Je vis les épaules de Jack se secouer par convulsions. Il décolla la main de sa bouche et entama le rire le plus nerveux que j'aie jamais entendu. Le blond colla son front sur ses paumes et émit un cri guttural. Il ressemblait vraiment à un fou.


Charlie n'avait pas bougé d'un pouce. Iel semblait aussi inexpressif qu'à son habitude, malgré l'absence de main. Je pris une grande inspiration pour ne pas tourner de l'œil. La vision était atroce. L'os saillait, coupé au niveau du poignet. Le sang tirait sur le noirâtre. La chair qui entourait la plaie semblait avoir été malmenée ; la coupure n'était pas nette. Mais aucune gerbe d'hémoglobine ne coula, pas la moindre goutte rouge ne se déversa sur le sol. Aucun doute, la plaie était ancienne. Et je n'étais pas le seul à l'avoir remarqué. Bianca plissa les yeux en signe de concentration ; elle avait reprit ses esprits malgré sa pâleur persistante.
Atlan fut le premier à prendre la parole.
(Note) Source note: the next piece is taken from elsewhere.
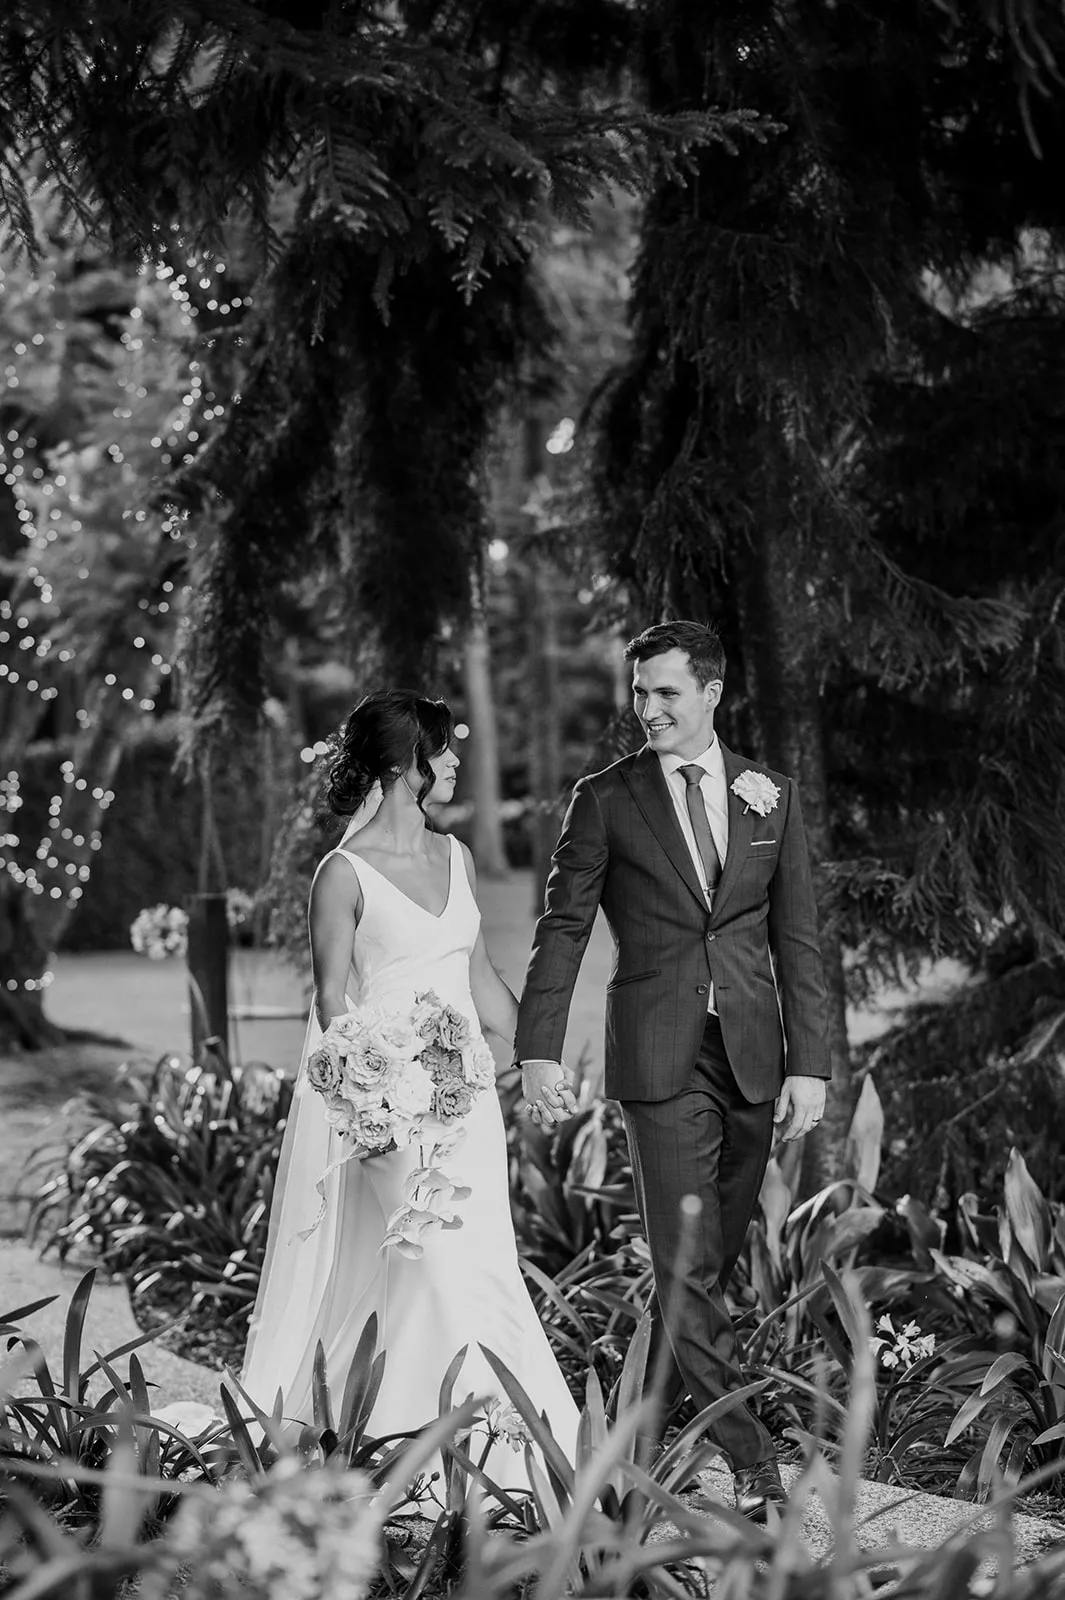 Black and white photo of a bride and groom walking hand in hand in an outdoor setting. The bride is wearing a white dress and holding a bouquet, while the groom is wearing a dark suit with a boutonnière. They are surrounded by trees and foliage, with lights in the background.

- Tu as sans doute une explicat...

- J'ai voulu tuer Kitty !

Nos regards convergèrent à l'unisson vers Jack. Le blond, entre deux hoquets nerveux, venait de hurler. La simple mention de ce prénom suffit à me pétrifier. Des boucles rebelles tombaient entre les yeux de Jack, ces yeux moqueurs désormais exorbités et luisants de désespoir. Il semblait prêt à pleurer, rire, nous tuer ; tout à la fois. Avant même que mes camarades n'aient pu réagir, Jack poursuivit son discours d'une voix suraiguë.

- La pire personne qui puisse exister, c'est moi. Je vous ai menti, à tous, dès le début ! J'ai été horrible avec Mary avant sa mort...

L'asiatique leva lentement la tête, en proie à des émotions contradictoires.

- Je savais que quelqu'un allait commettre un meurtre quand Emi m'a enfermé. Je me suis amusé de la détresse de Flora jusqu'à la fin. Je suis allé fouiller le cadavre de Jean pour trouver le taser. Bianca, j'aurais pu te tuer ! Caleb...

Lorsque Jack se tourna vers moi, je perçus un désespoir inouï. Dans sa voix, dans ses yeux, dans ses gestes. C'était affreux. J'aurais voulu accéder à sa demande ; et le considérer comme le coupable. Mais... sous n'importe quel angle, ça ne pouvait pas bien se terminer. Nos vies étaient en jeu avec ce verdict. Et puis... je ne voulais pas voir en Jack un meurtrier. Il mentait, je le voyais bien. Ça me faisait mal de le voir comme ça. J'aurais presque préféré qu'il garde son comportement détaché, qu'il se moque totalement de la situation comme à son habitude. Il paraissait si faible... j'avais l'impression de me voir.

- Je t'ai fait du chantage. Je t'ai menacé, et pas qu'une fois. J'ai trahi ta confiance, dès le début, alors... S'il te plaît... Je suis celui qui a tué Rufus. Je suis le coupable !


Tout alla très vite. Devant mon absence de réponse, le blond se jeta sur moi et me saisit par le col. Il ne pleurait pas ; sa détresse semblait s'étendre bien au-delà du domaine des larmes. Atlan se leva. Sa chaise tomba un sol dans un fracas assourdissant. Il frappa la table de ses paumes.

- Lâche-le. Tout de suite. (Jack se figea) Redescend sur terre, tu disjonctes.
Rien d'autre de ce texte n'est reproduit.